Rate this page del.icio.us  Digg slashdot StumbleUpon

Shipping quality code with git

by Brenton Leanhardt

Git is a program for Source Code Management (SCM) whose complexity has been blown out of proportion. This may be due to the fact that early on it was primarily used by Linux kernel hackers who, needless to say, do not represent most users of SCM tools. Regardless of its past, today the UI is quite simple and there are only a handful of techniques a user needs to manage their code base with git–in ways that are nearly impossible to do with the mainstream alternatives. These techniques, which are mentioned in the order of their suggested usage, focus on improving the overall quality of the code base throughout the life of a project.

Good patches

While developers have been managing changes to code for decades, this task is not quite as simple as it sounds. These changes, or patches, range from simple one-line fixes to features measured in hundreds of lines. However, there is one goal that all good patches share, no matter their content. The objective is to introduce positive cohesive change to the code base. In practice, this means that unrelated changes should be contained in their own patches. As projects grow there is a need to group patches into cohesive sets for both organization and maintenance.

This article is as much about using git effectively as it is about creating quality patches. Before we go any further, let’s explain the need for this coupling.

Métro, Boulot, Codo

As much as project managers (or maintainers) like to believe their releases are well-planned and will go out on-schedule, the reality is that priorities, businesses, and staffing changes often disrupt the best intentions. A disciplined approach to submitting changes goes a long way to allowing projects to react with agility to these types of challenges.

While it may not be apparent to developers in the trenches, a bit of discipline gives those in charge of integrating and releasing code the confidence to add or remove features–even if they do not have an extremely low-level understanding of the implementation. Most people tasked with releasing projects are not nearly as concerned about particular files; they are more worried about entire trees and changes over time. They want to ship feature X and yank feature Y with accuracy.

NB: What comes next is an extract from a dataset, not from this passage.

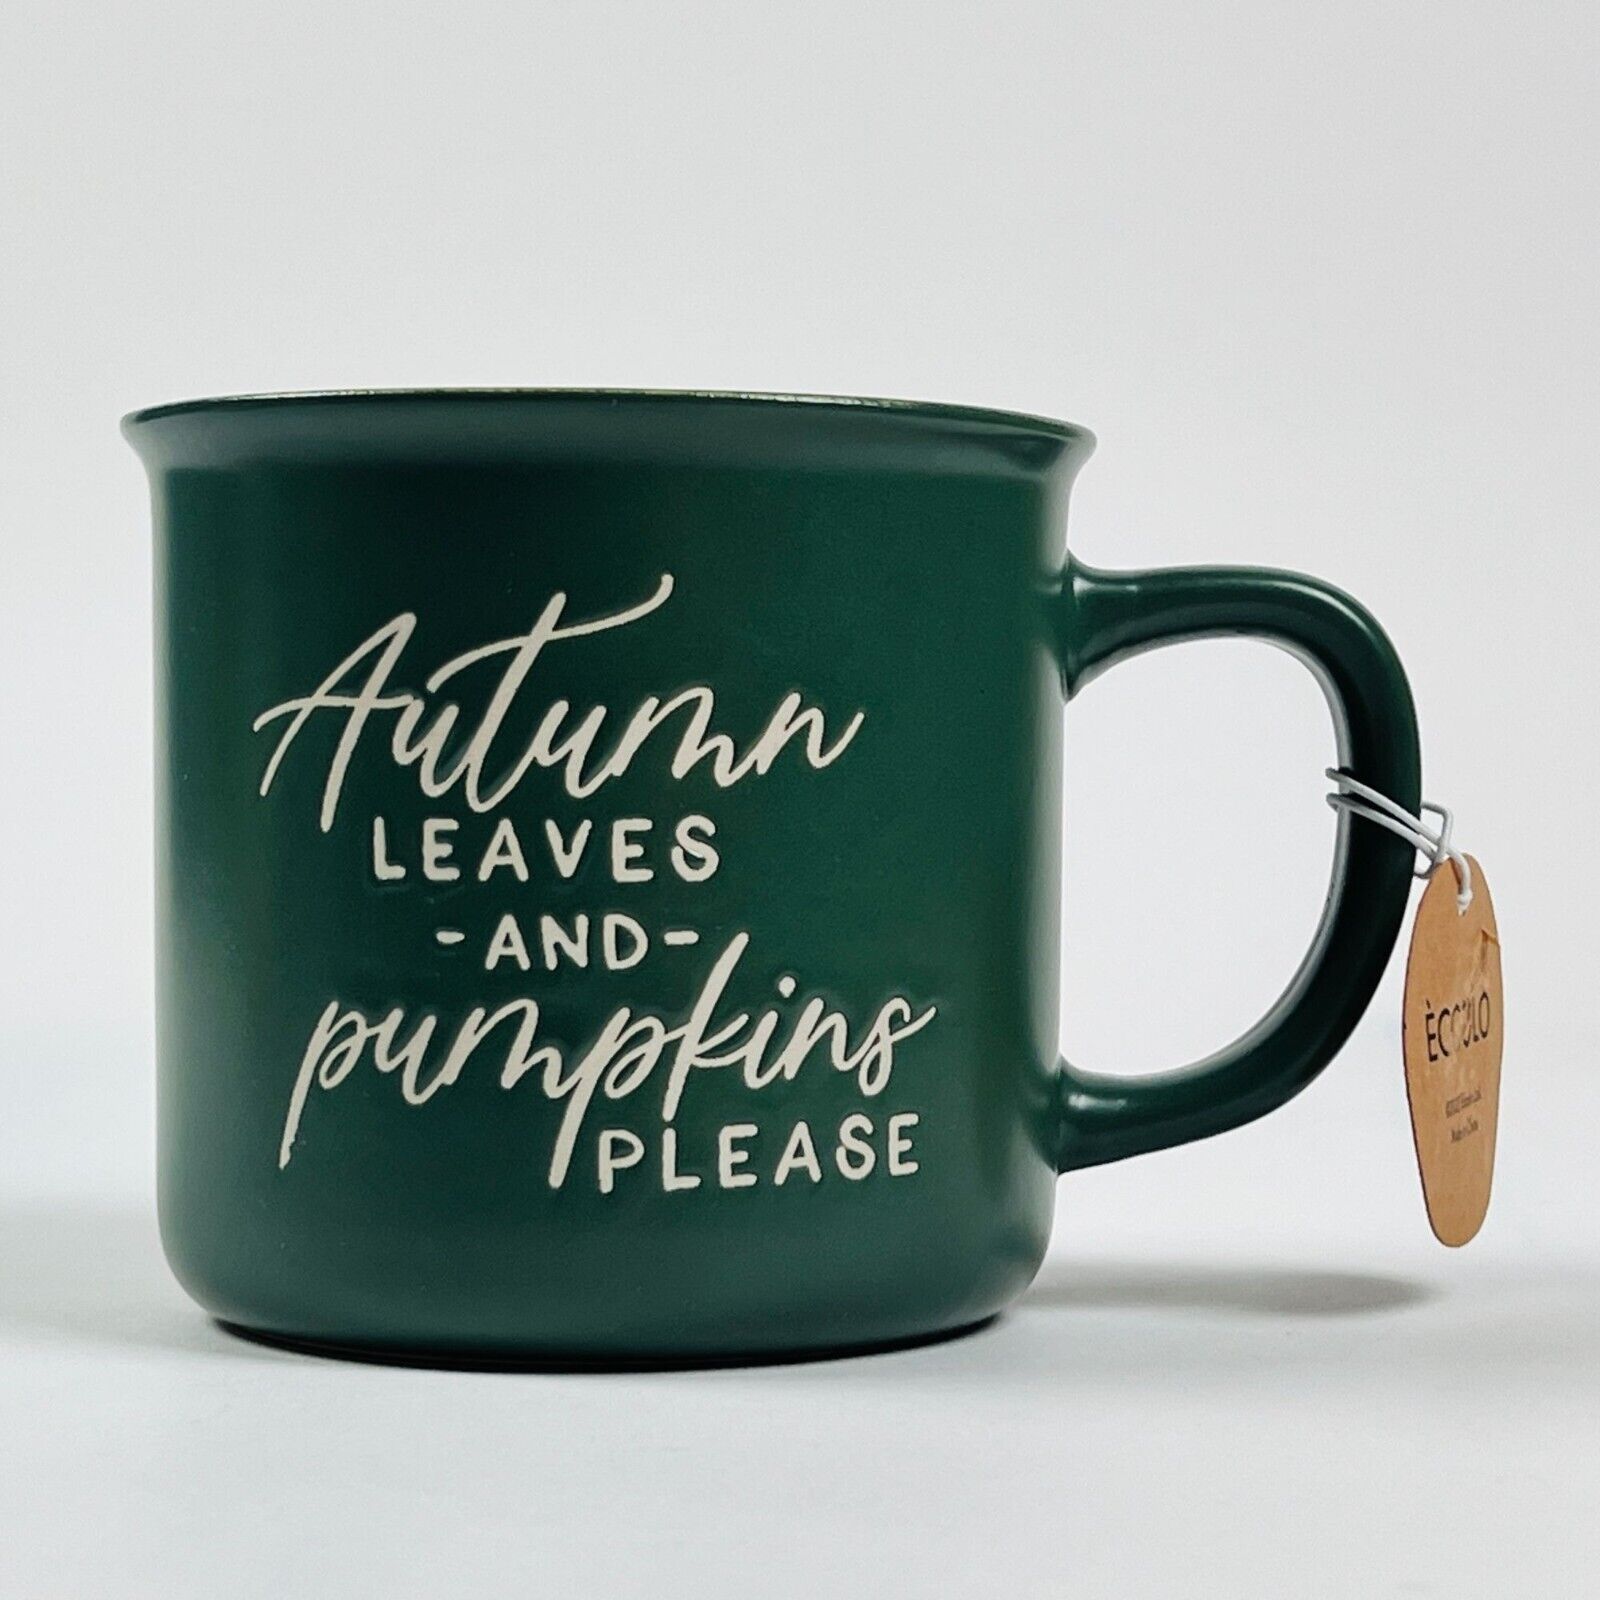 Eccolo 2022 Green Autumn Leaves & Pumpkin Please 18 oz Coffee Mug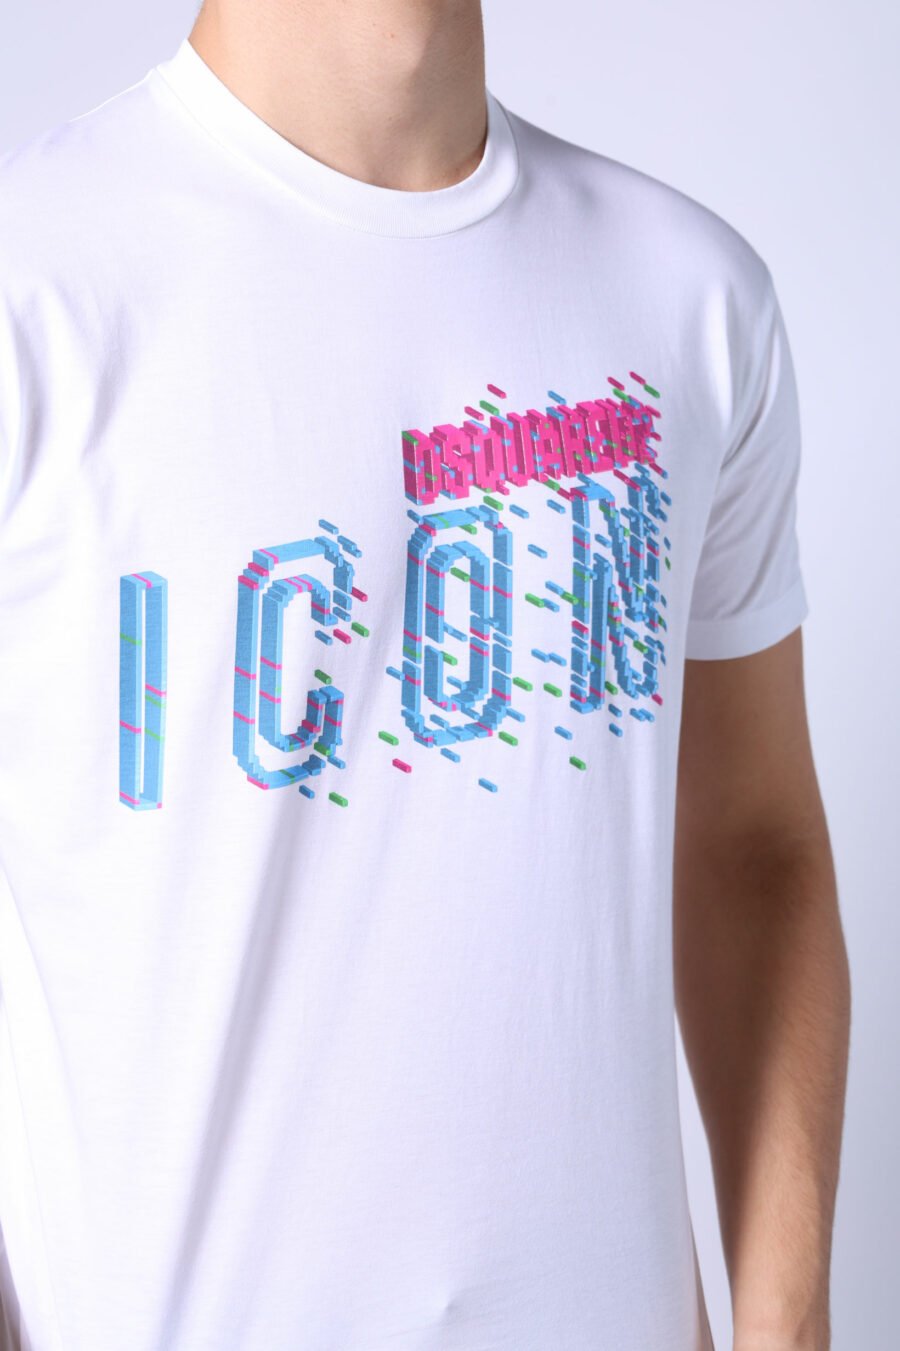 T-shirt blanc avec maxilogo "icon pixeled" turquoise et fuchsia - Untitled Catalog 05355

Sadly, many of the mainstream tools for managing source code are poorly set up for these kinds of tasks, and thus, they are simply ignored in the field. This can be seen in any project where a large majority of the commit messages provide vague information like “checking in my stuff”.

Let’s observe the life cycle of a typical nice-to-have patch:

  1. Developer has an itch for a new feature so she downloads the project’s source
  2. Several changes are made–some good, some bad
  3. The feature is then tested
  4. A patch is submitted to the project’s mailing list
  5. People review the patch and eventually it is accepted upstream

On large projects, there often exists an arbitrarily long period of time in which the patch is simply left in limbo. This typically happens between steps 4 and 5. This can be due to many factors–often limited resources and/or time.

The main problem that patches face is that the longer they stay in limbo, the less likely they are to apply cleanly. And when patches carry the weight of several (often minor) unrelated changes, the effort needed to resolve a merge conflict can dramatically increase.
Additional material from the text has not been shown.